The Supreme Court could begin to reorder its abortion rights jurisprudence Wednesday, as a conservative majority reinforced by President Trump’s two nominees considers a restrictive law from Louisiana.
The court is examining whether the state’s 2014 law requiring doctors at abortion clinics to have admitting privileges at nearby hospitals unduly burdens women’s access to abortion. Practitioners claim, and a federal judge agreed, that the law could force two of the state’s abortion clinics to close, leaving only one doctor to perform the procedure.
Abortion providers say the case will be a test of the court’s commitment to honor precedent: The law is practically identical to a Texas law struck down by the Supreme Court in 2016. Now-retired justice Anthony M. Kennedy joined the court’s four liberals to form a majority in what was its most important endorsement of abortion rights in 25 years.
Trump’s choices for the court, Neil M. Gorsuch and Brett M. Kavanaugh, who replaced the late Antonin Scalia and Kennedy, respectively, were enthusiastically supported by antiabortion groups.
The court could reaffirm or overturn that 2016 precedent, or distinguish it in a way that a restriction deemed unconstitutional in one state is allowed in another.
Louisiana says its law is intended to protect women’s health and requires abortion providers to get the same admitting privileges as those required at other ambulatory surgical centers. It is also asking the court to do away with a decades-old precedent that allows abortion providers to challenge laws on behalf of women.
Besides Trump’s nominees, the most closely watched member of the court will be Chief Justice John G. Roberts Jr. He was a dissenter in the 2016 case and has never in his tenure found that an abortion restriction went too far.
But in February 2019, he sided with the court’s four liberals in an emergency motion that kept the Louisiana law from going into effect.
Roberts gave no reason for his vote. He may have questioned whether an appeals court decision to uphold the Louisiana law complied with the court’s precedent, or he could have simply wanted to maintain the status quo until the Supreme Court could consider its merits.
Another change at the court: While the Justice Department in 2016 urged the court to strike down the Texas law, Trump administration lawyers will argue Louisiana’s should be left in place, even if it means overturning the opinion in the Texas case, Whole Woman’s Health v. Hellerstedt.
The court’s majority in that decision said the admitting-privileges requirement “provides few, if any, health benefits for women, poses a substantial obstacle to women seeking abortions, and constitutes an ‘undue burden’ on their constitutional right to do so.”

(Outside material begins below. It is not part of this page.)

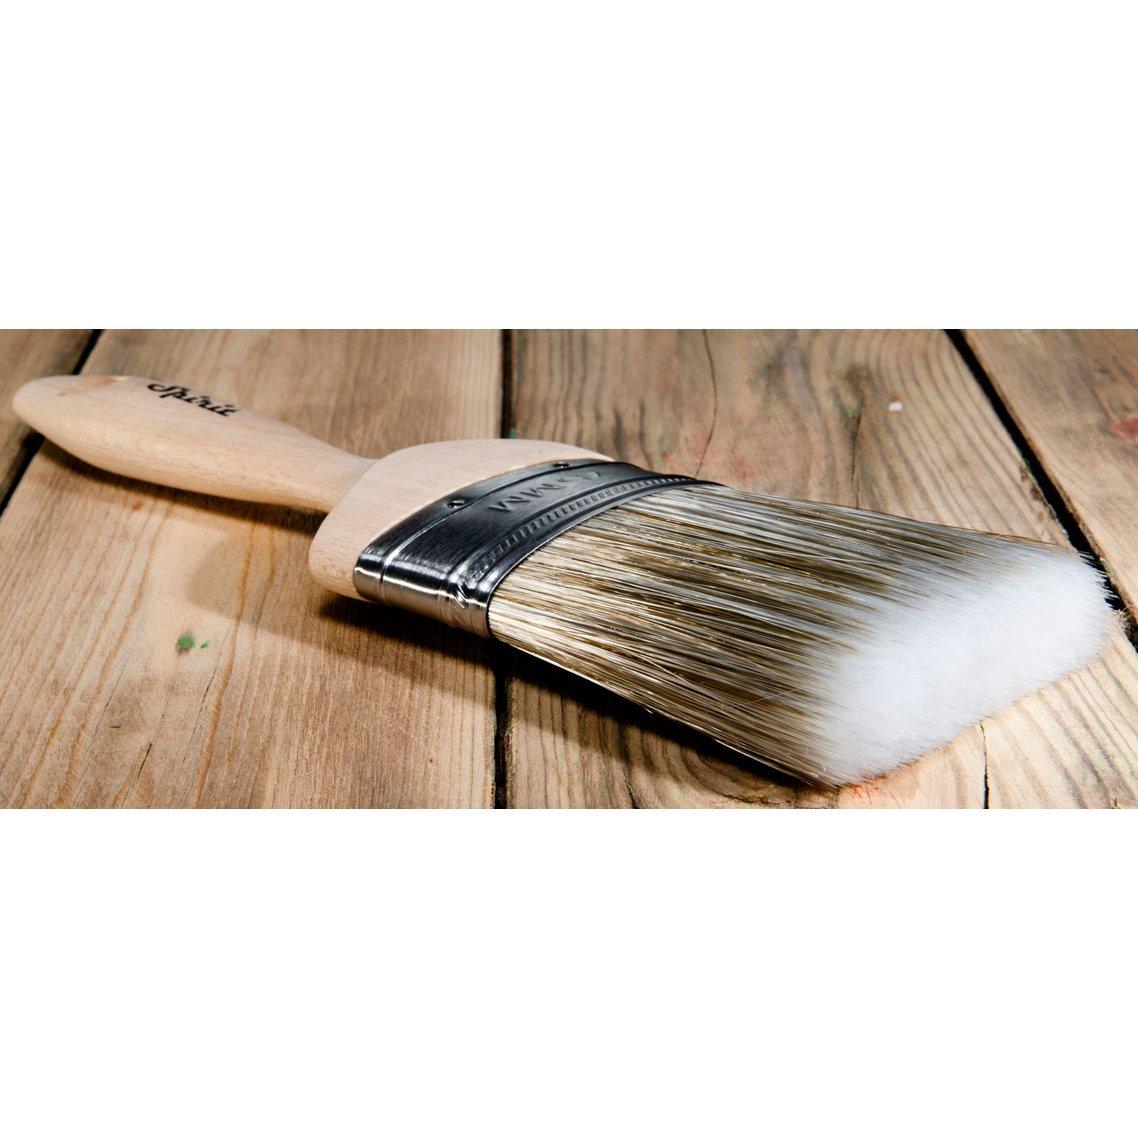 1-1//2 Inch, 2 Inch, 3 Inch Pioneer Spirit Oval Technofil 3 Piece Paint Brush Set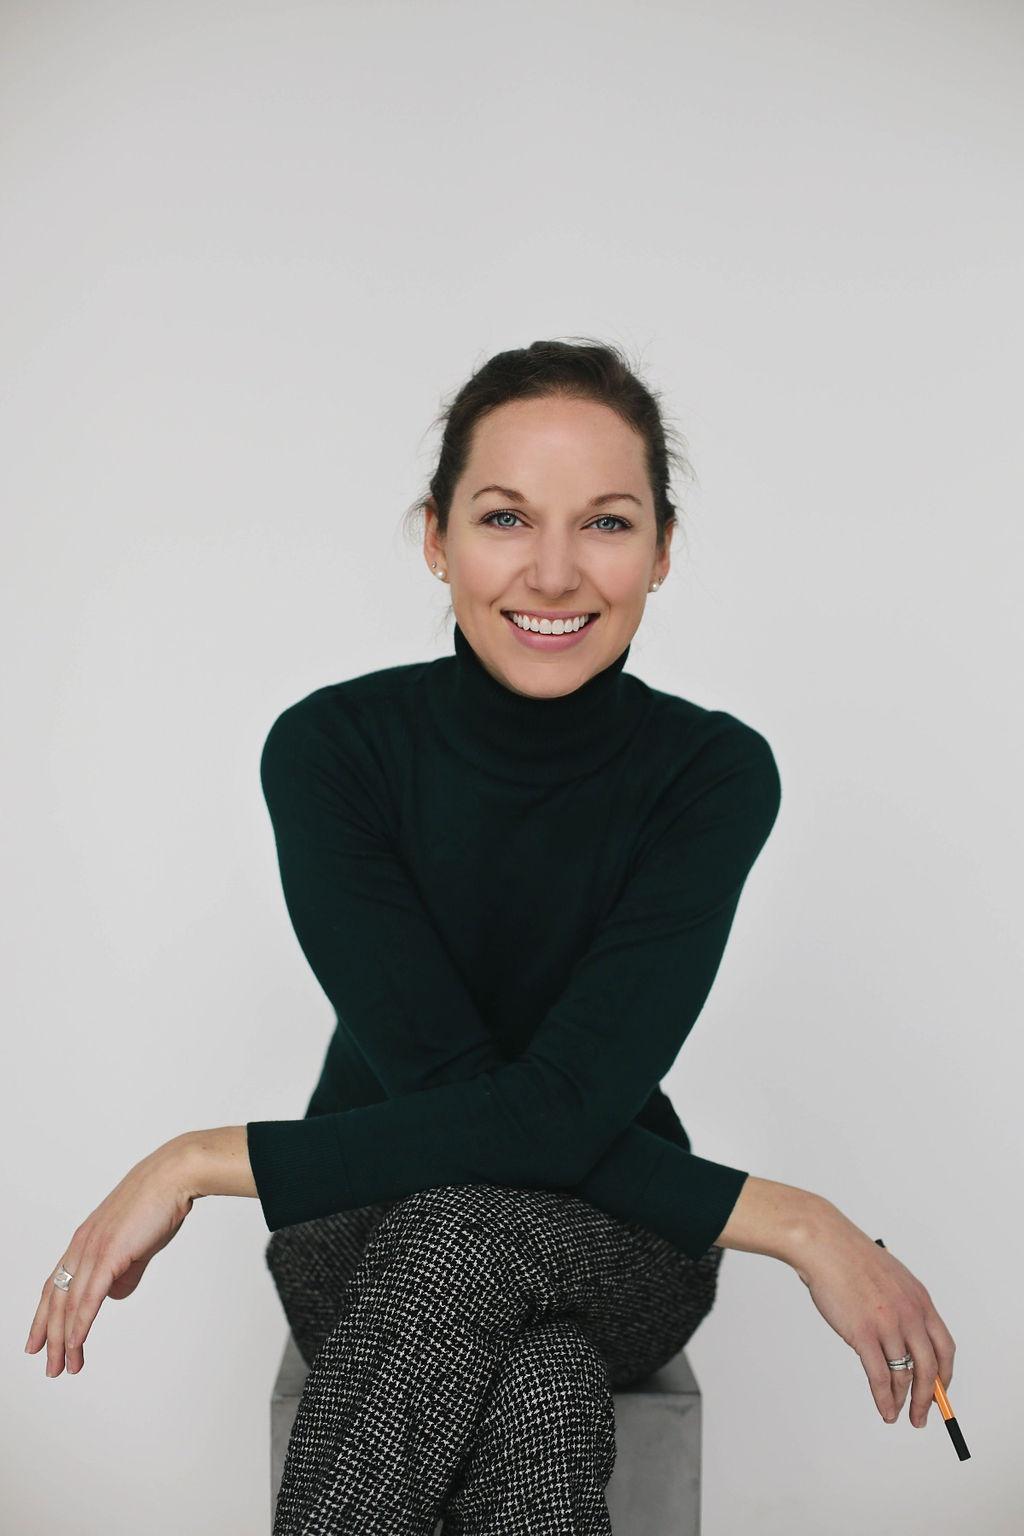 Katie Rössler, LPC, NCC

Hospitalization after an abortion is rare, all sides agree, and the lack of admitting privileges by the doctor who performed the procedure is not a bar to the woman getting needed medical care. The court’s opinion said there are numerous reasons doctors might not be able to attain admitting privileges at a nearby hospital, including the fact that it is so rare for their clients to need hospitalization.
A Louisiana federal judge held a six-day trial on the law and agreed with abortion providers that the court’s decision in Hellerstedt meant the law was unconstitutional.
But a panel of the U.S. Court of Appeals for the 5th Circuit — the same court that had upheld the Texas law — disagreed. The panel on a 2-to-1 vote found factual distinctions between how the restriction played out in Texas and Louisiana.
Judge Jerry E. Smith, writing for the majority, said that the court complied with the Supreme Court’s decision by taking a painstakingly close look at the details.
“Unlike in Texas, the [Louisiana law] does not impose a substantial burden on a large fraction of women,” he concluded.
The full 5th Circuit declined to reconsider the panel’s decision, and dissenting judges said their colleagues seemed more intent on giving the Supreme Court a chance to reverse its 2016 ruling than complying with it.
“I am unconvinced that any justice of the Supreme Court who decided Whole Woman’s Health would endorse our opinion,” Judge Stephen A. Higginson wrote in his dissent. “The majority would not, and I respectfully suggest that the dissenters might not either.”
The Louisiana case is June Medical Services v. Russo.